Supplied material
────

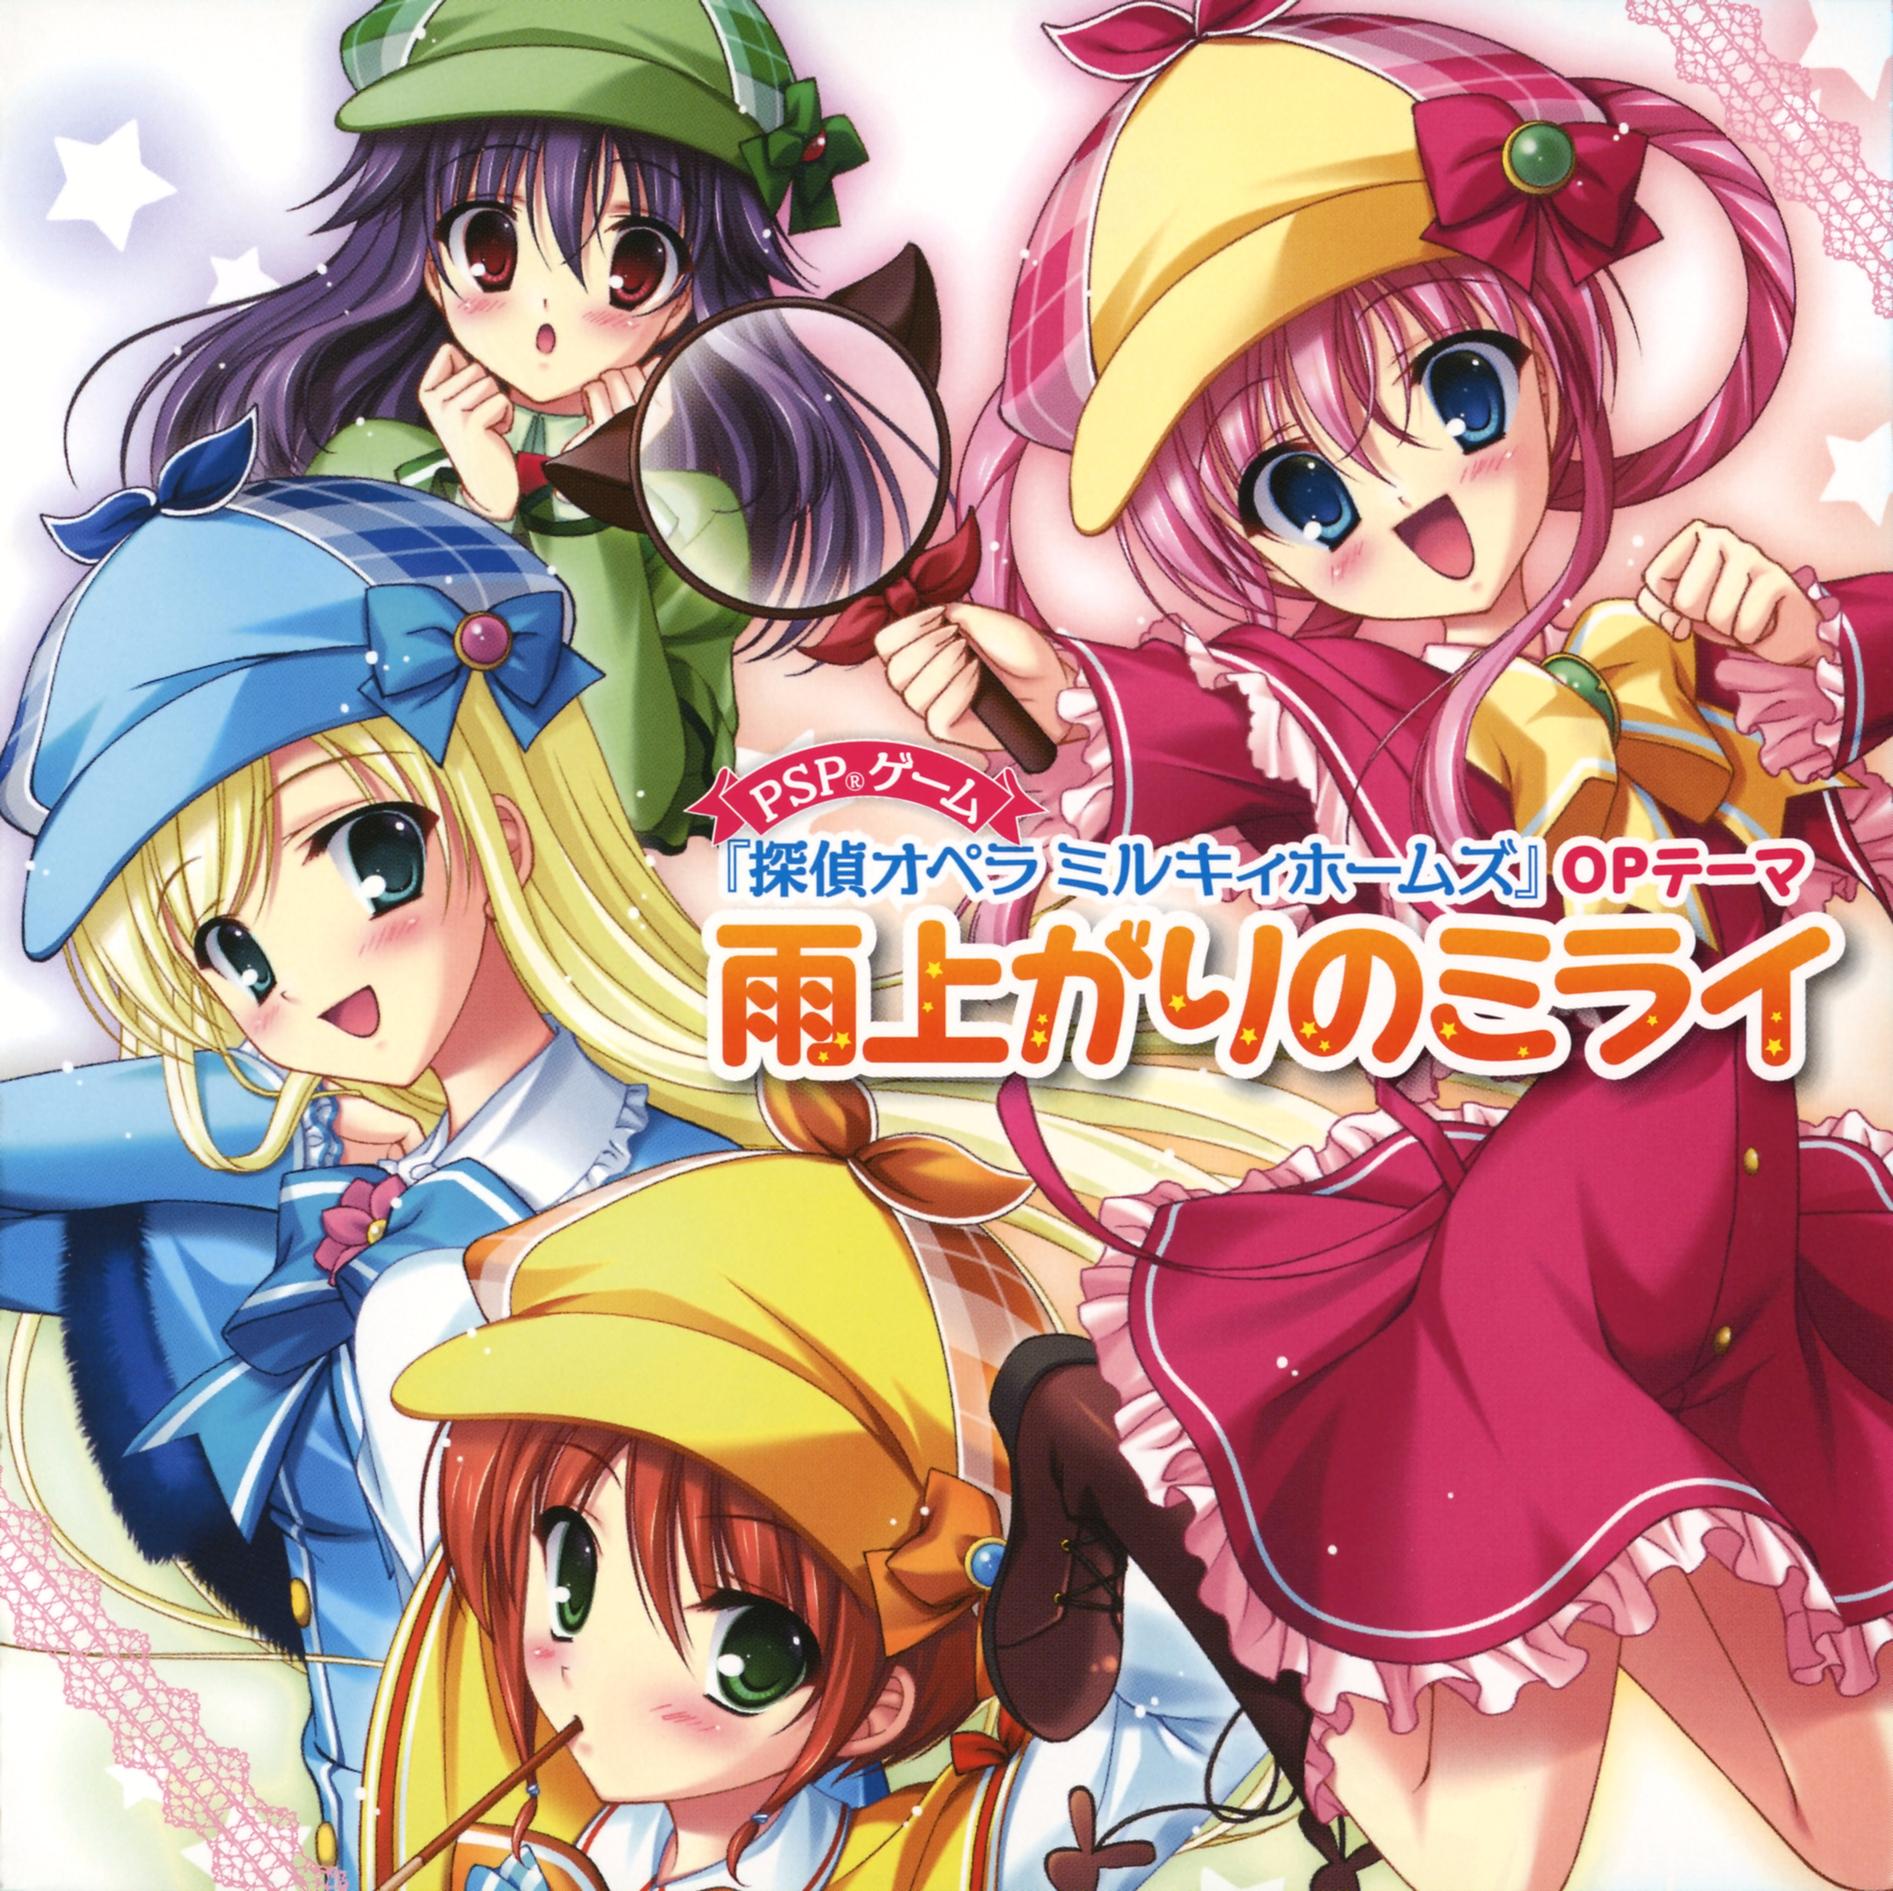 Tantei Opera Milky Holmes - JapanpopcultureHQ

────

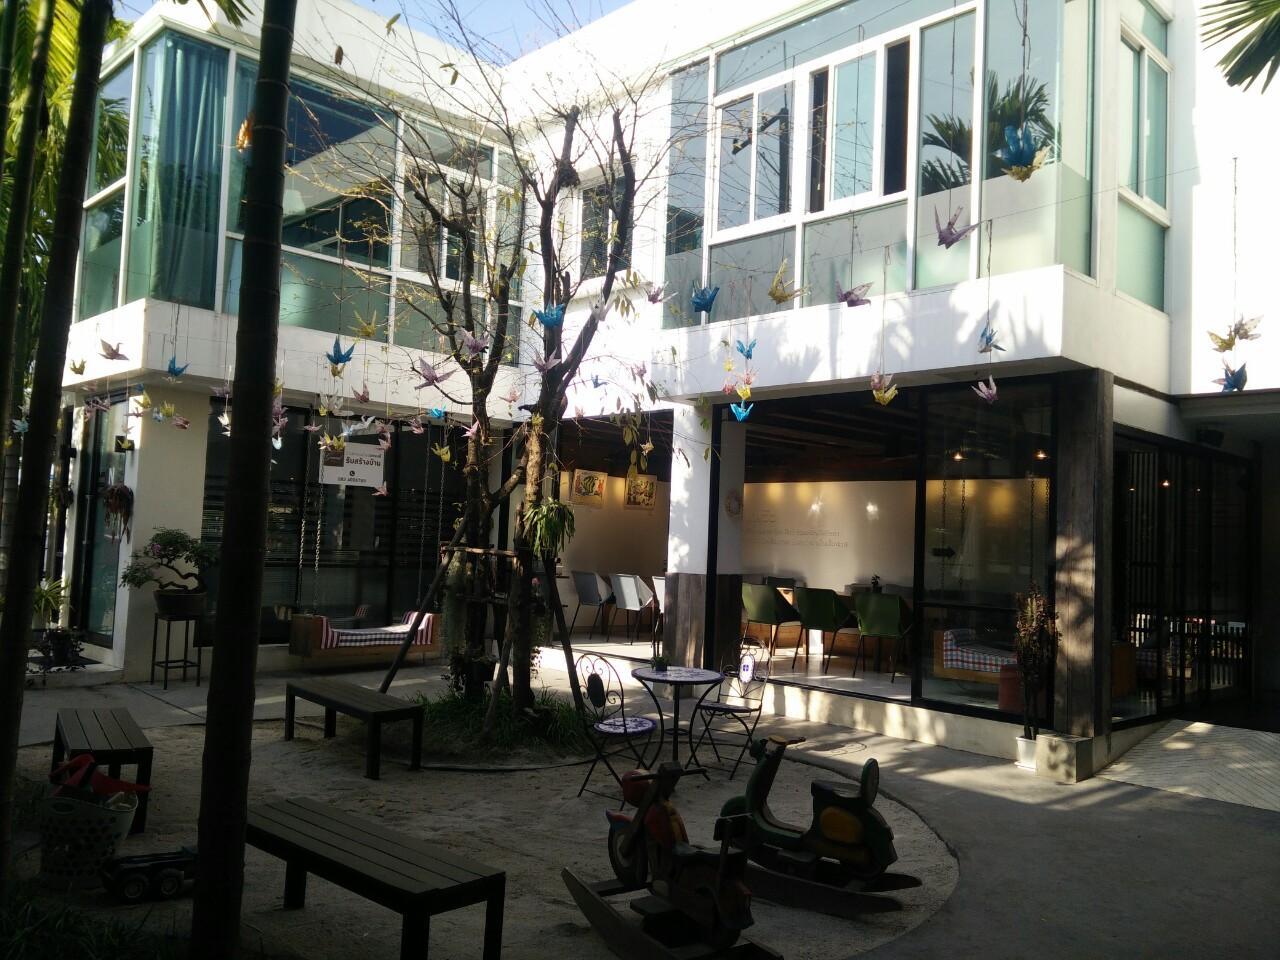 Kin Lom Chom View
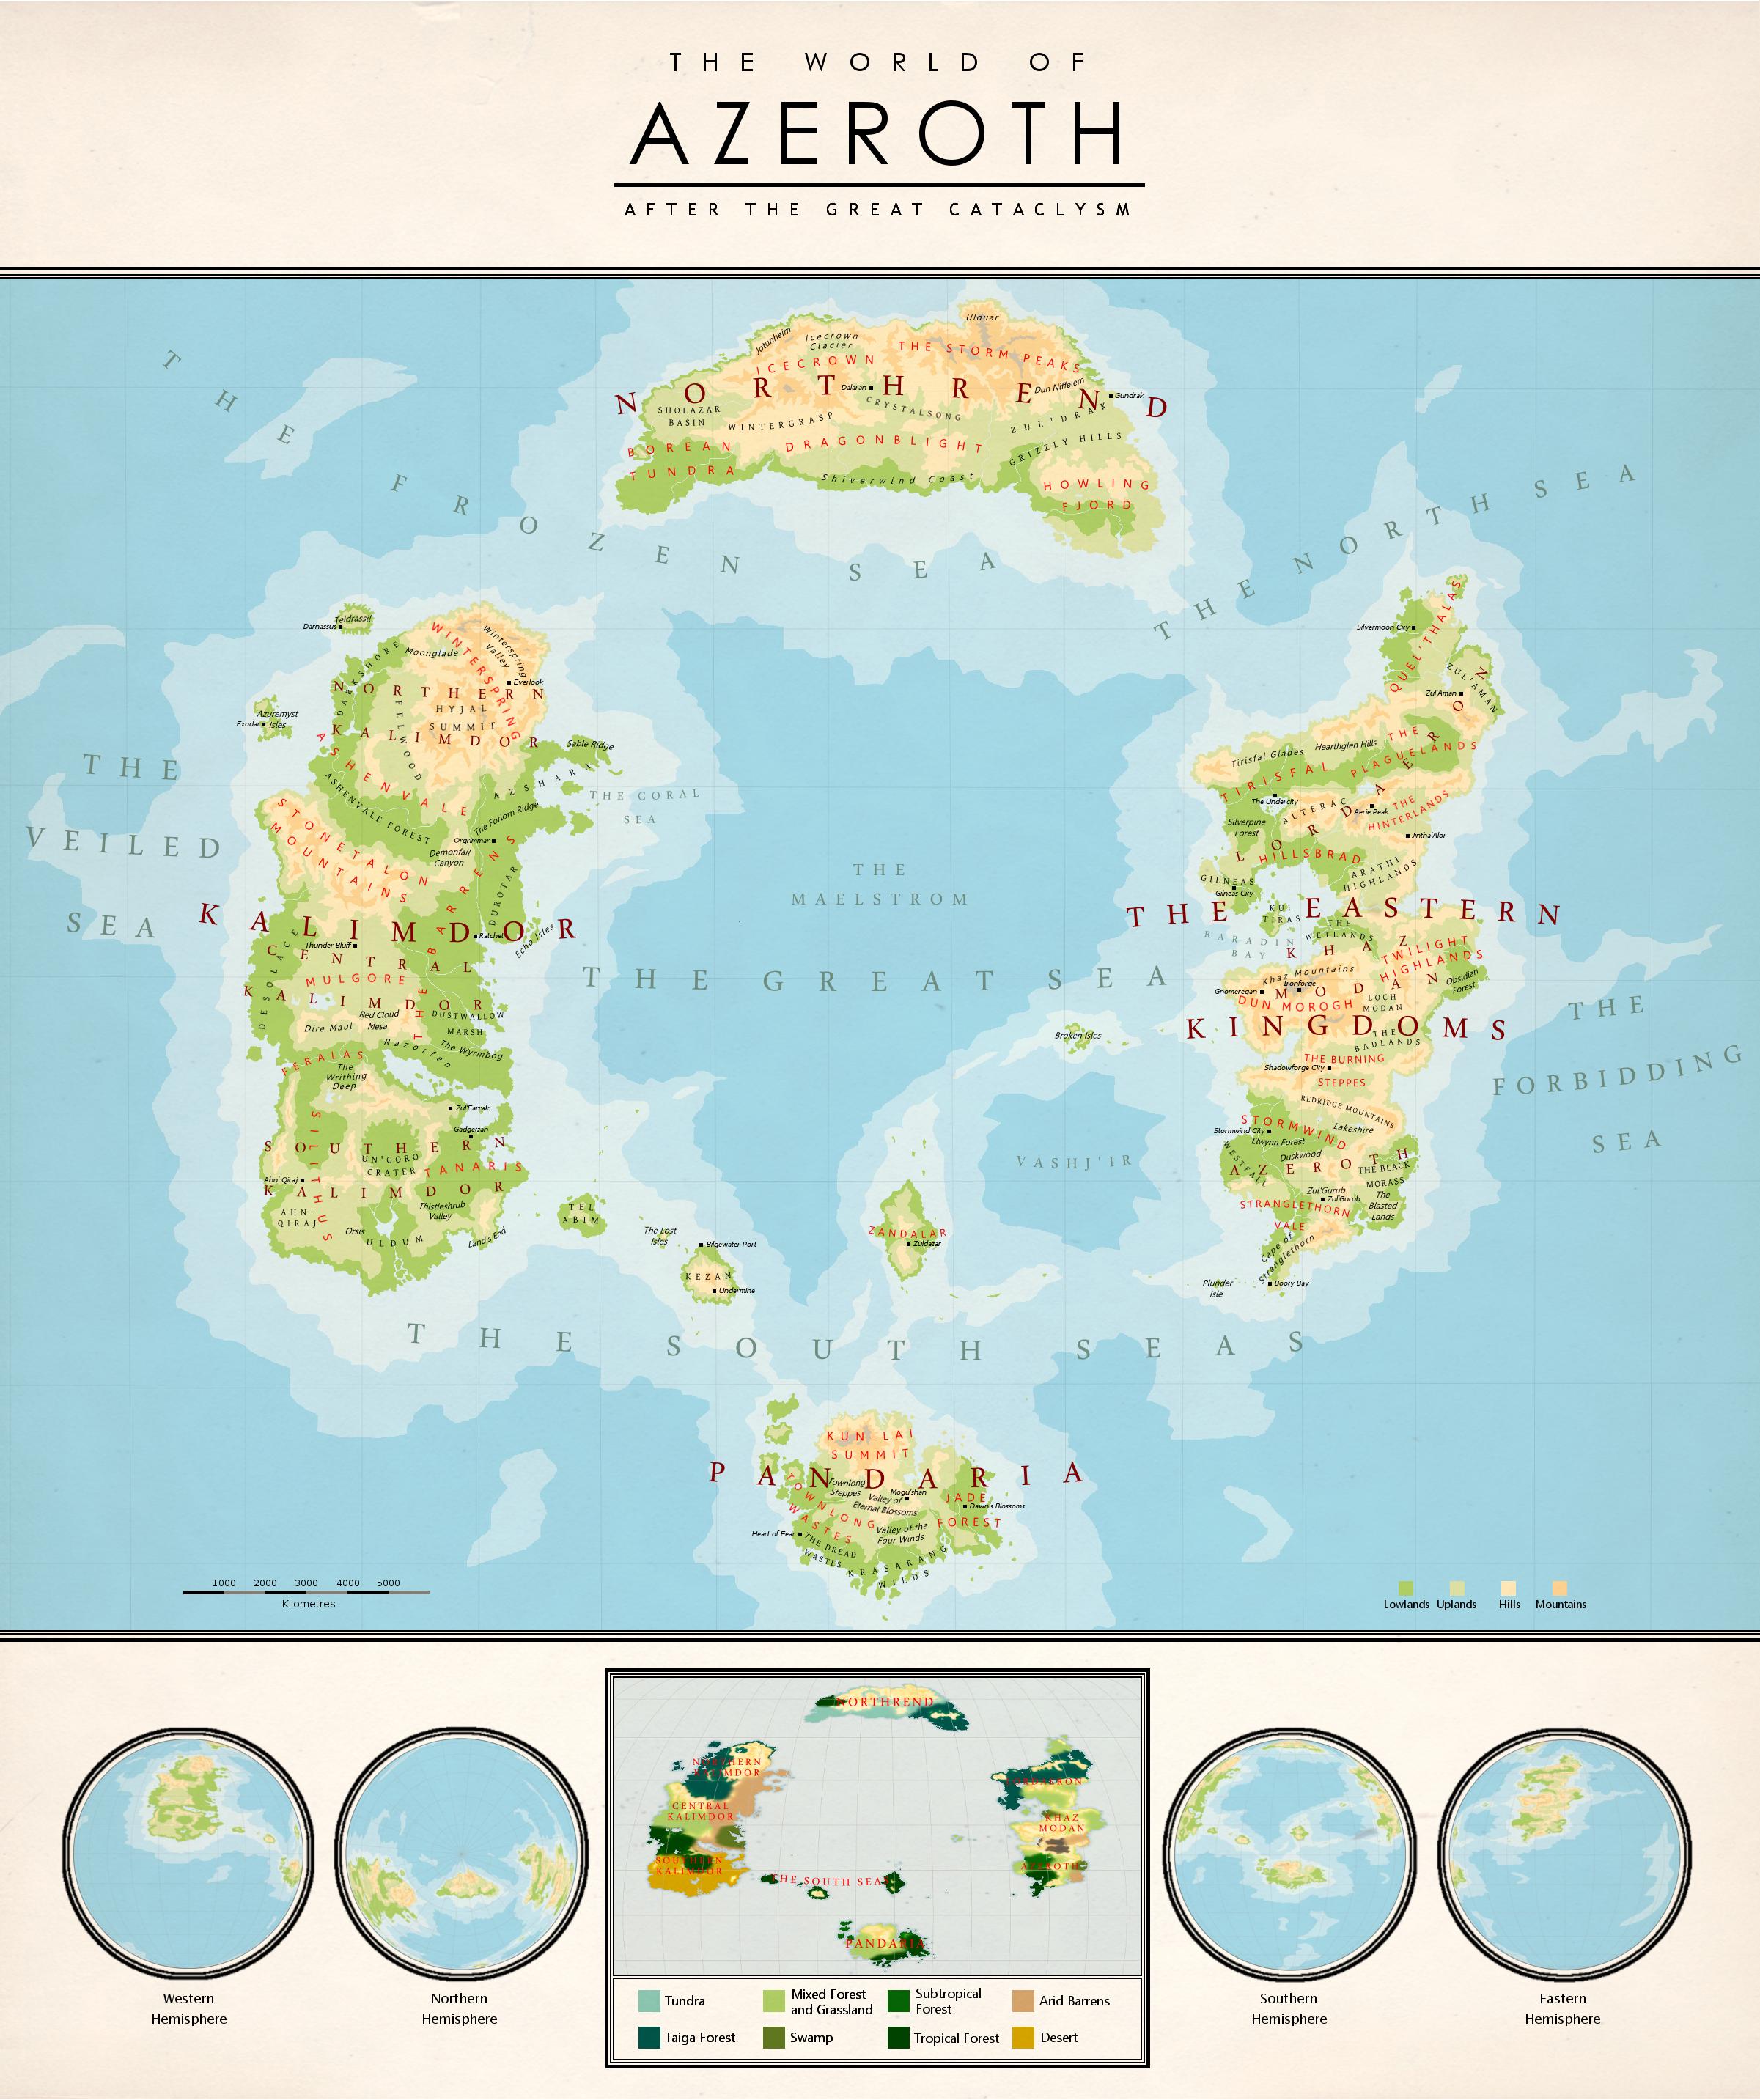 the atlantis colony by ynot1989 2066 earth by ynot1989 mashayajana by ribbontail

────

Goal of the exercise
From the records above, copy only the lines running from the line containing "Kin Lom Chom View" to the line containing "the atlantis colony", both ends included. Leave the pictures out.

Solution
 Kin Lom Chom View
 the atlantis colony by ynot1989 2066 earth by ynot1989 mashayajana by ribbontail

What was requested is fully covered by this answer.